▽

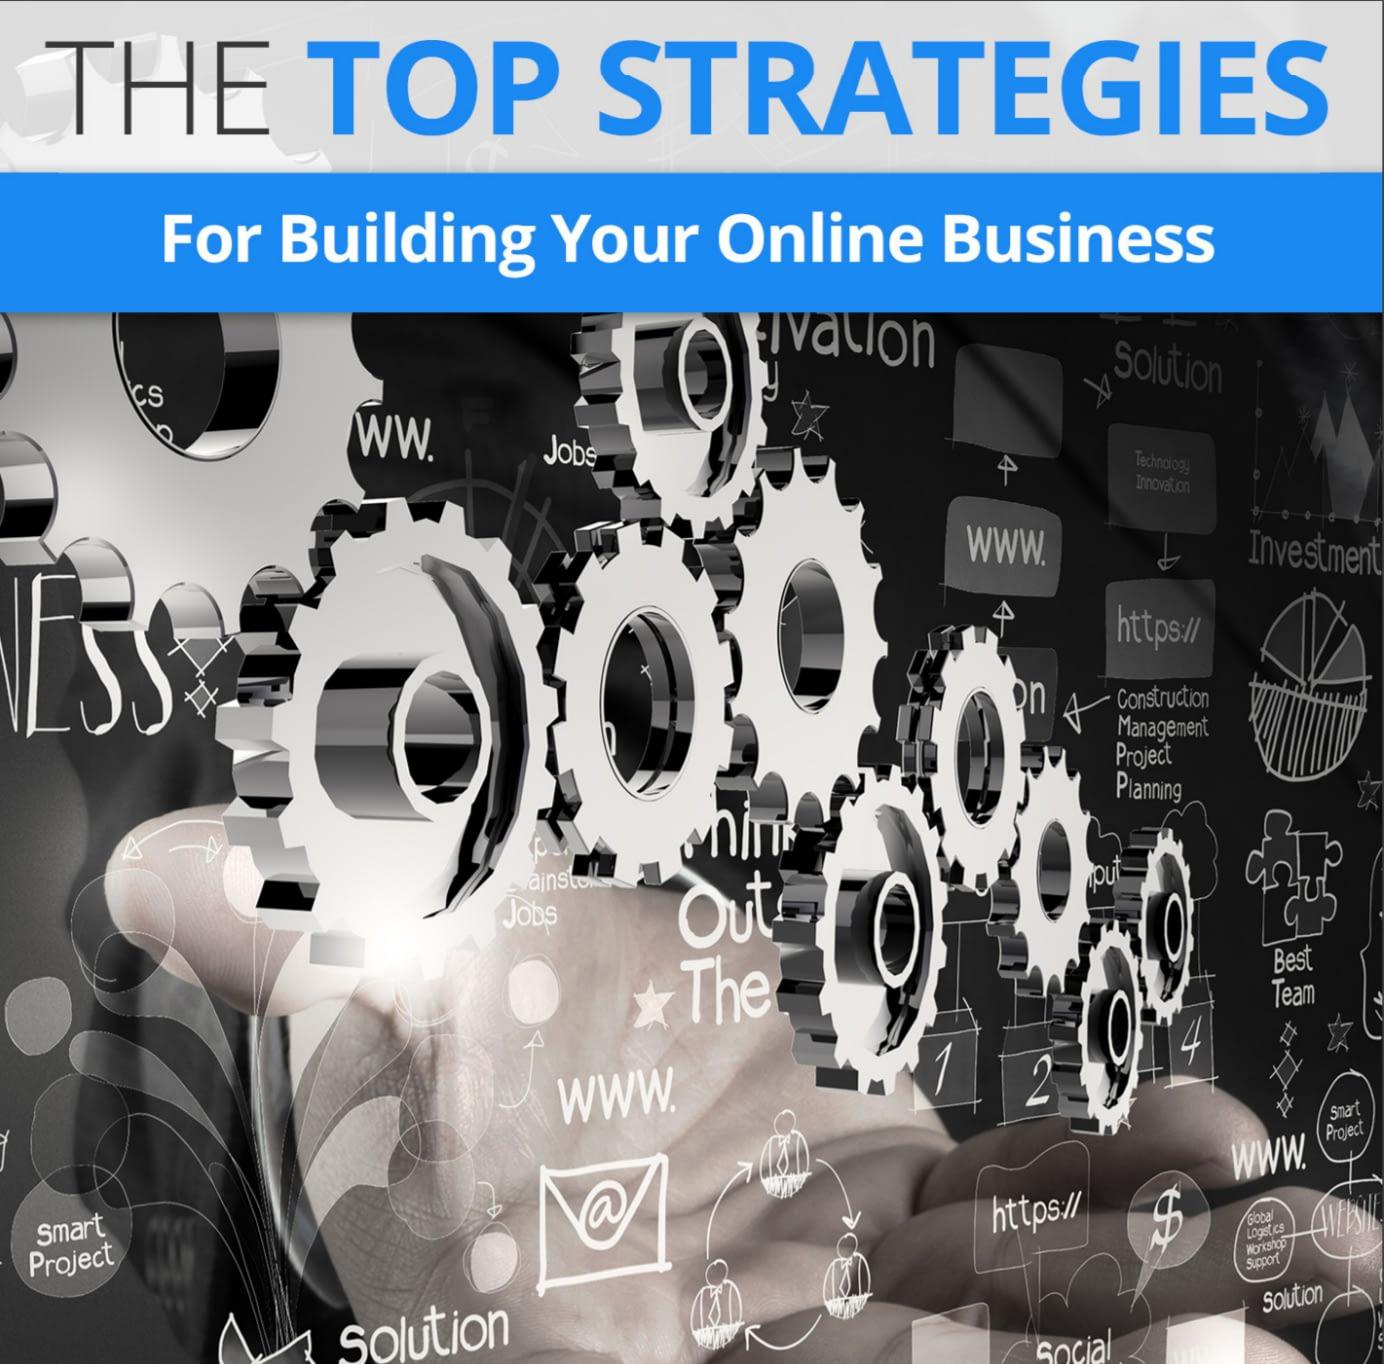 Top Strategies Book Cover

△
▽

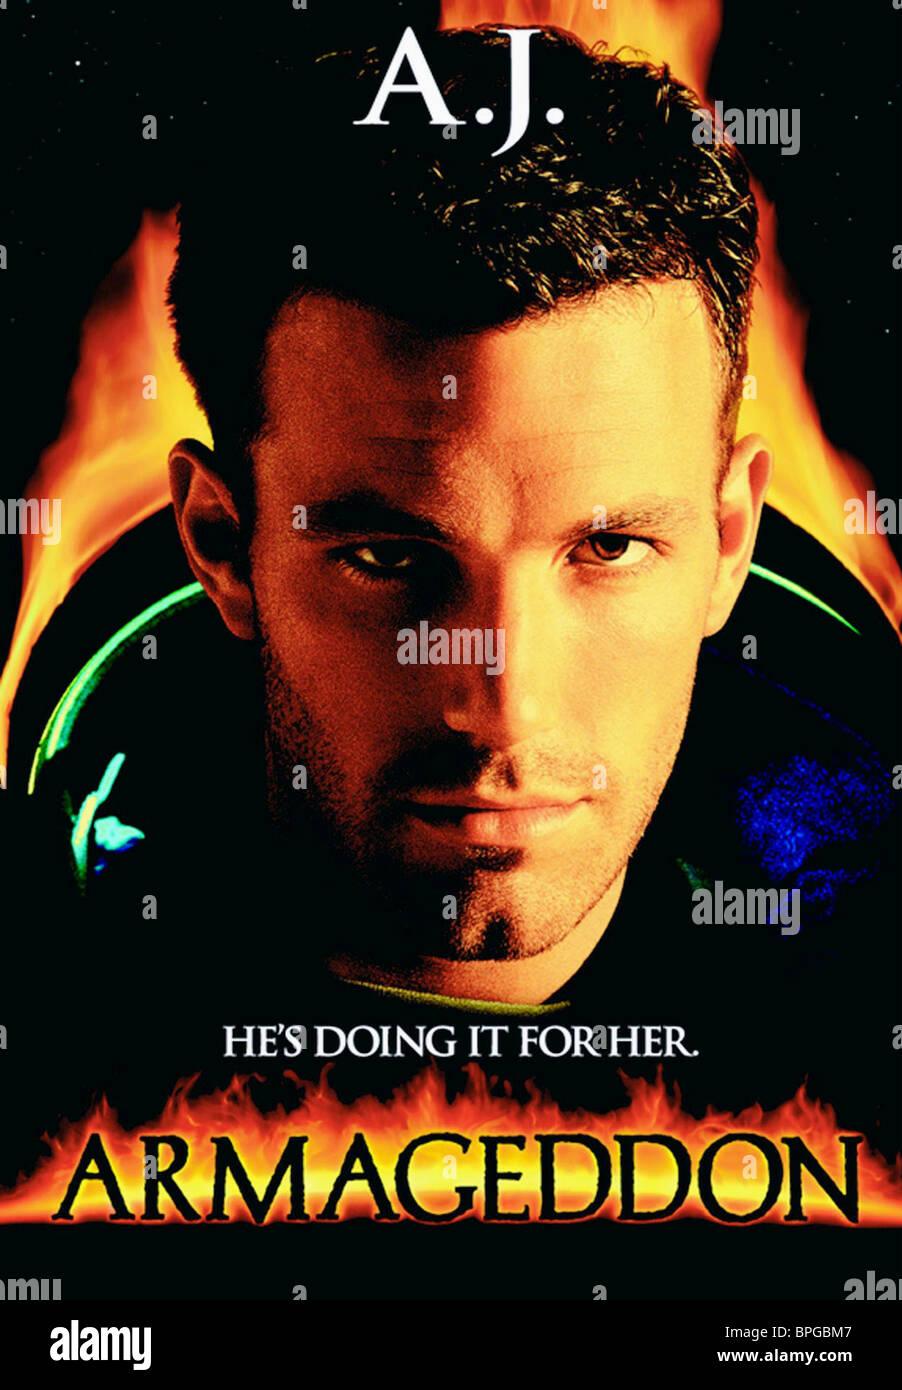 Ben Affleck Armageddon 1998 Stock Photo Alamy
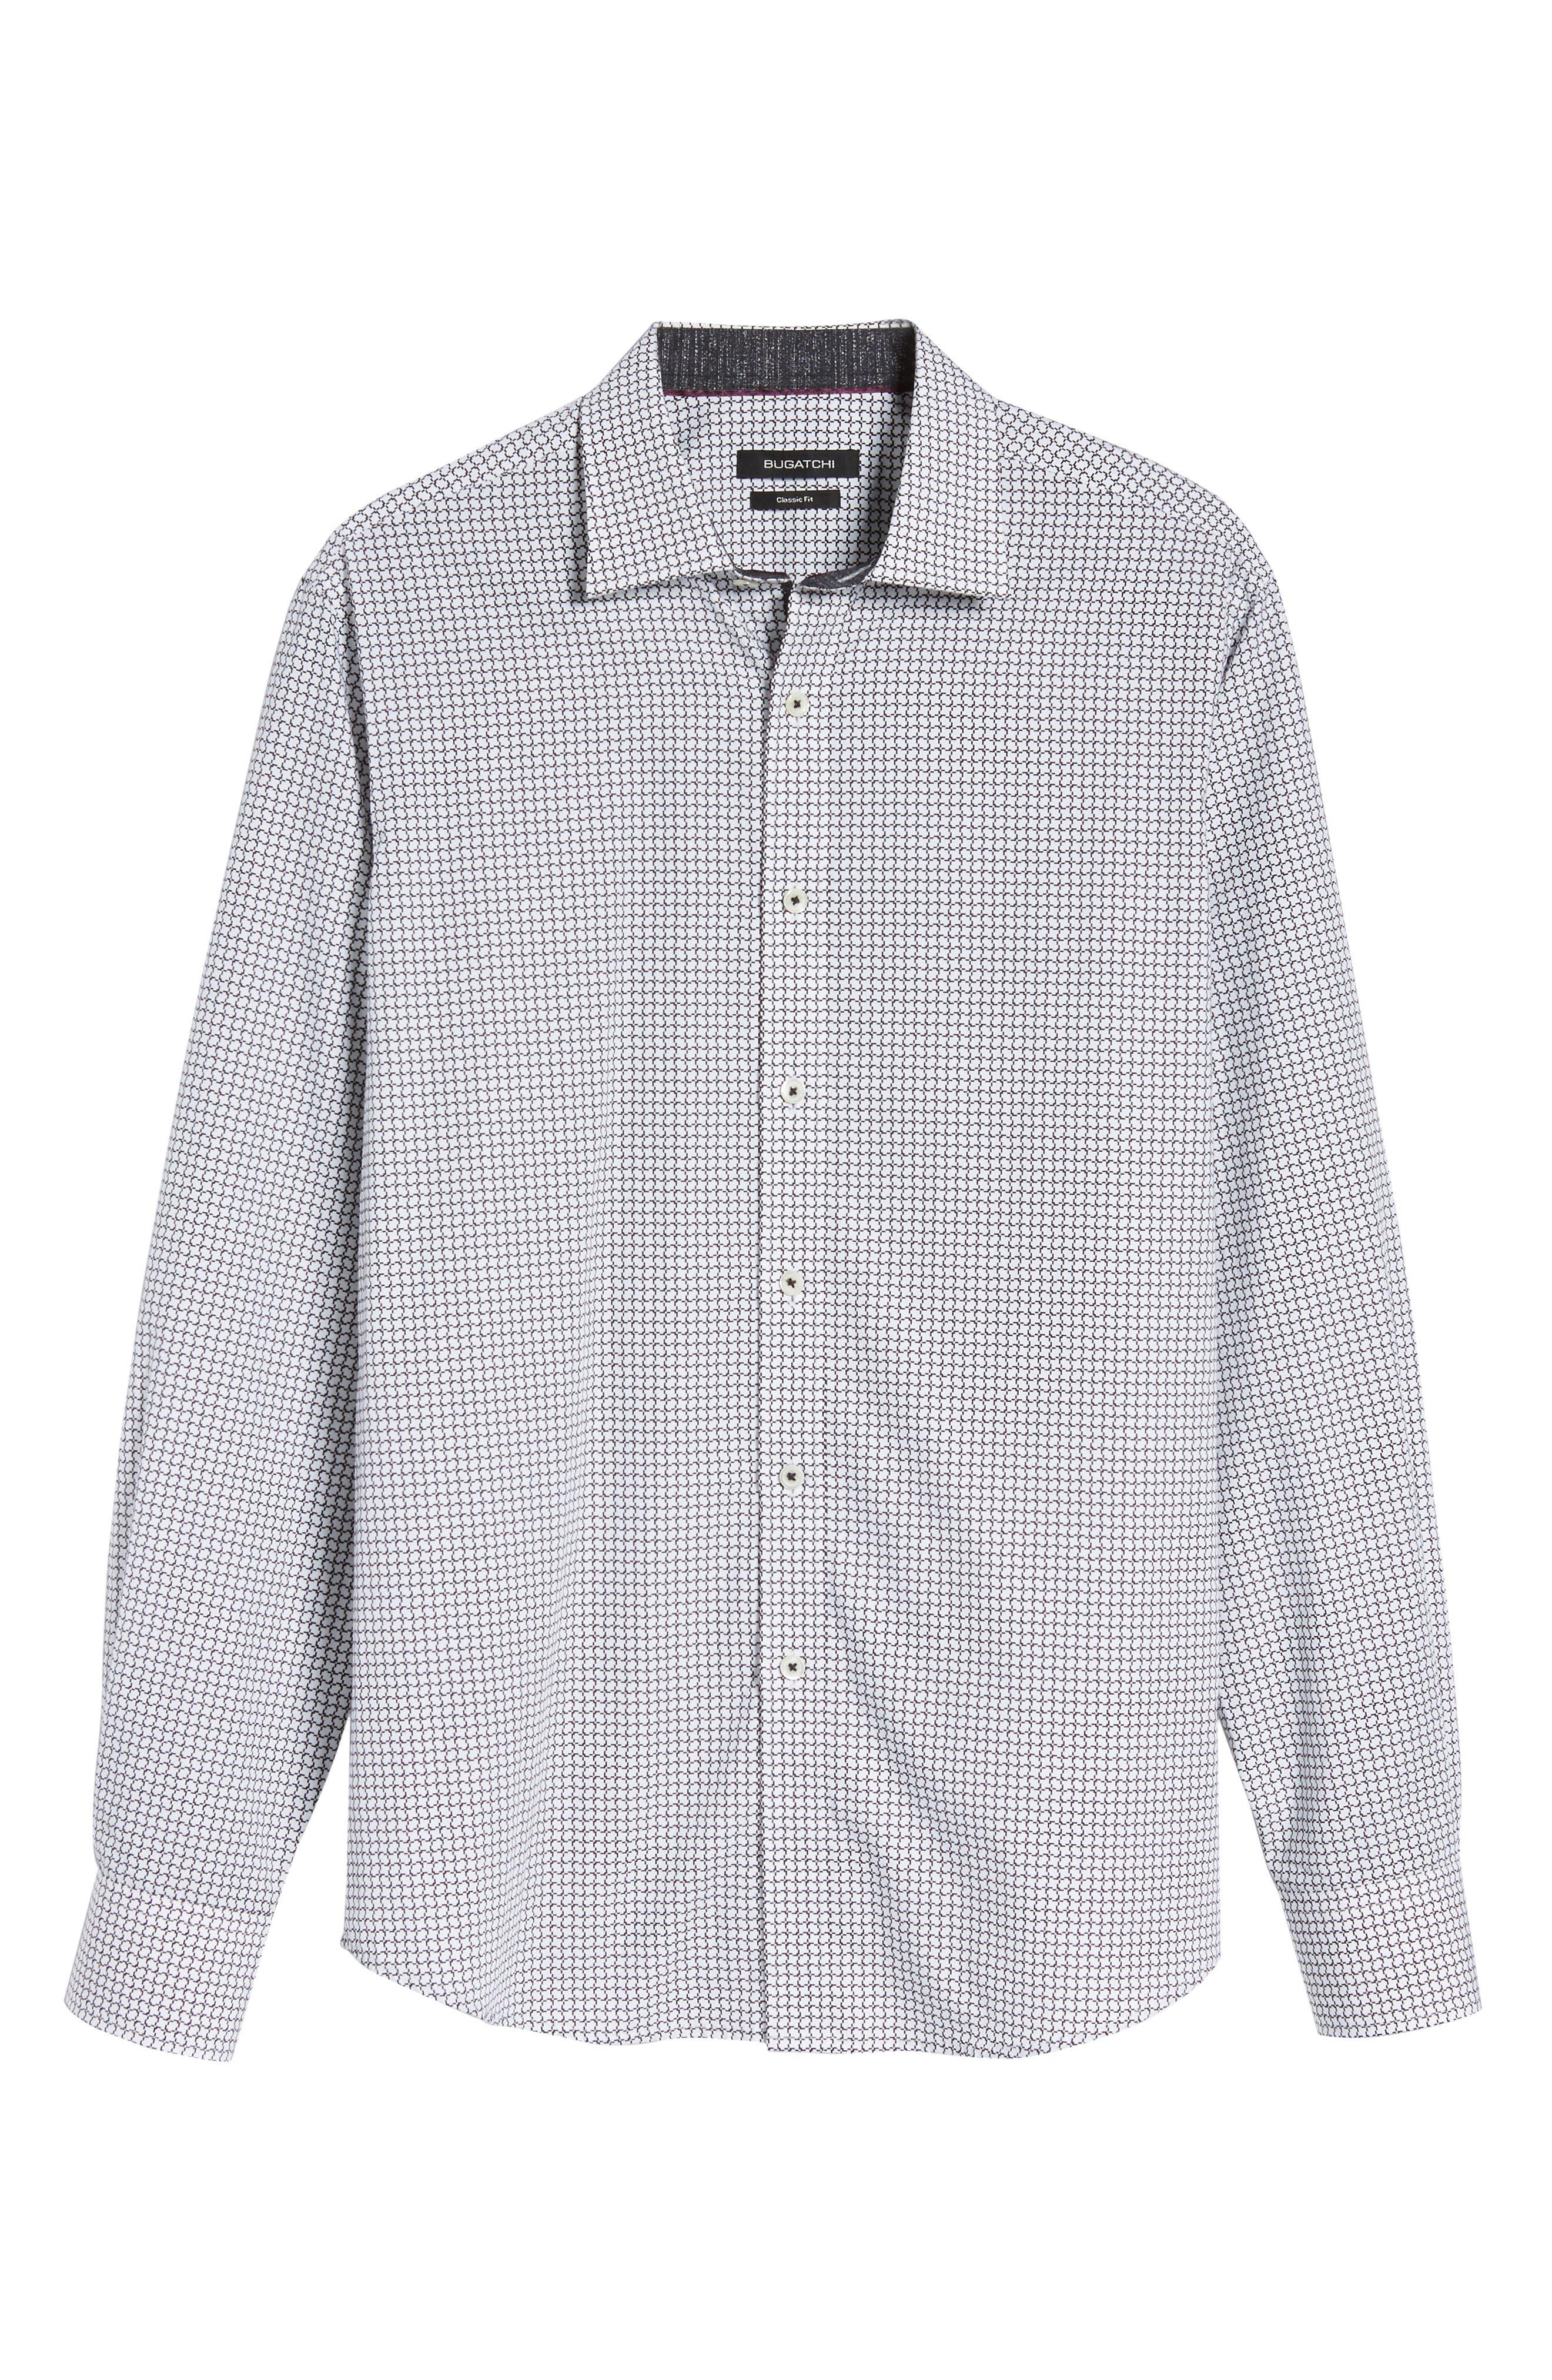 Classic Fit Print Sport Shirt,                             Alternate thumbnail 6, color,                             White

△
▽

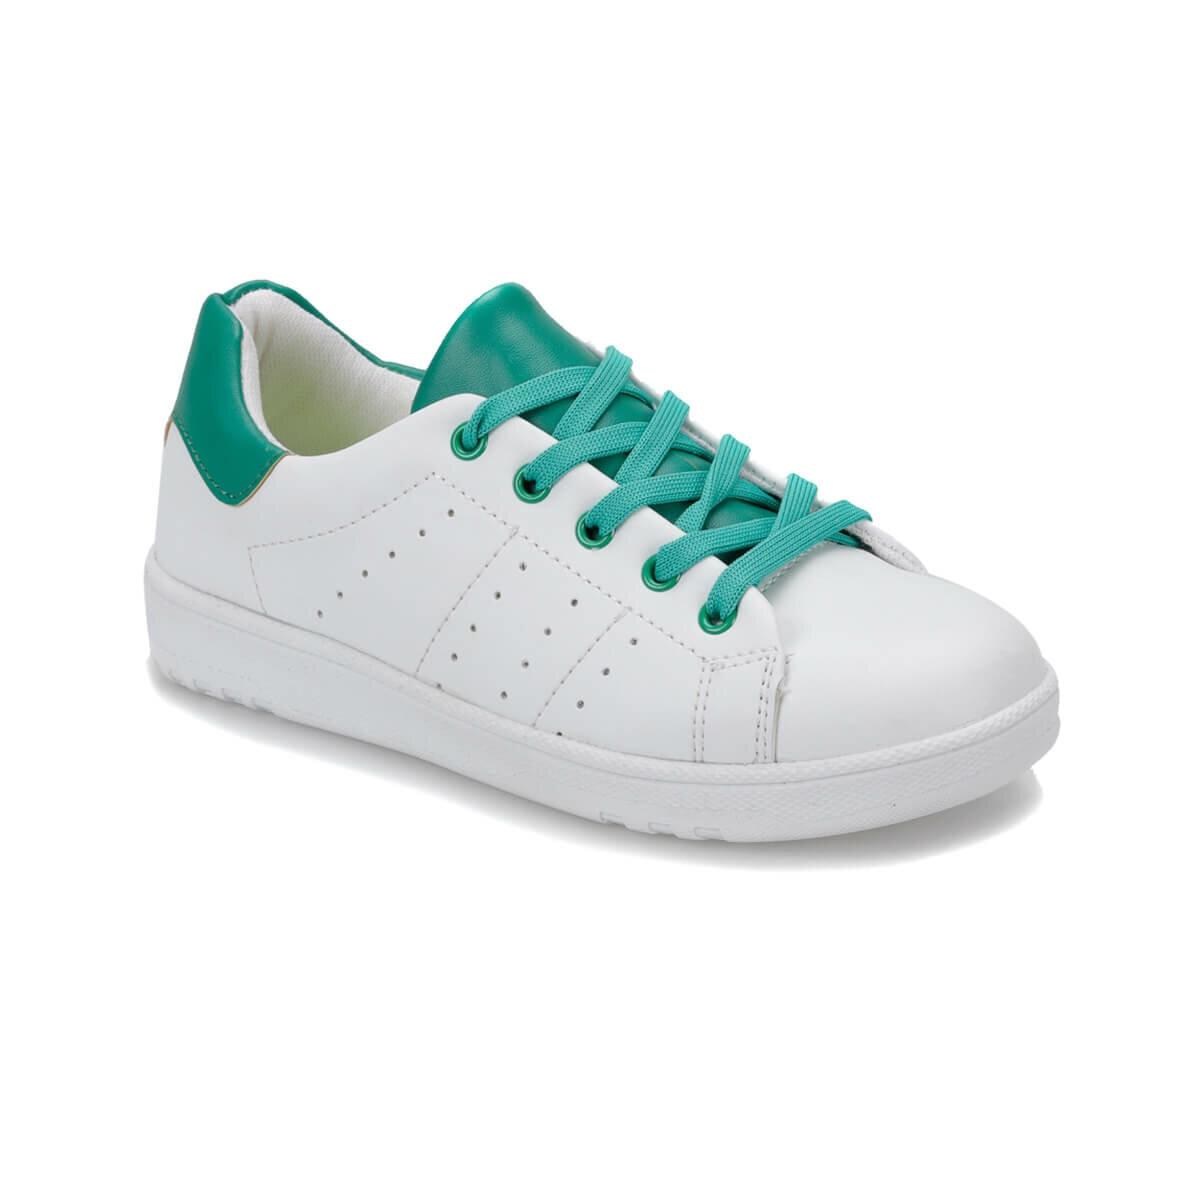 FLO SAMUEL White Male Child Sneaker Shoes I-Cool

△

### [ABOUT THIS EXERCISE]
Lines from the one above containing "Ben Affleck Armageddon" down to the one containing "Classic Fit Print" should be transcribed exactly, with both ends kept and no pictures.

### [YOUR SOLUTION]
 Ben Affleck Armageddon 1998 Stock Photo Alamy
 Classic Fit Print Sport Shirt,                             Alternate thumbnail 6, color,                             White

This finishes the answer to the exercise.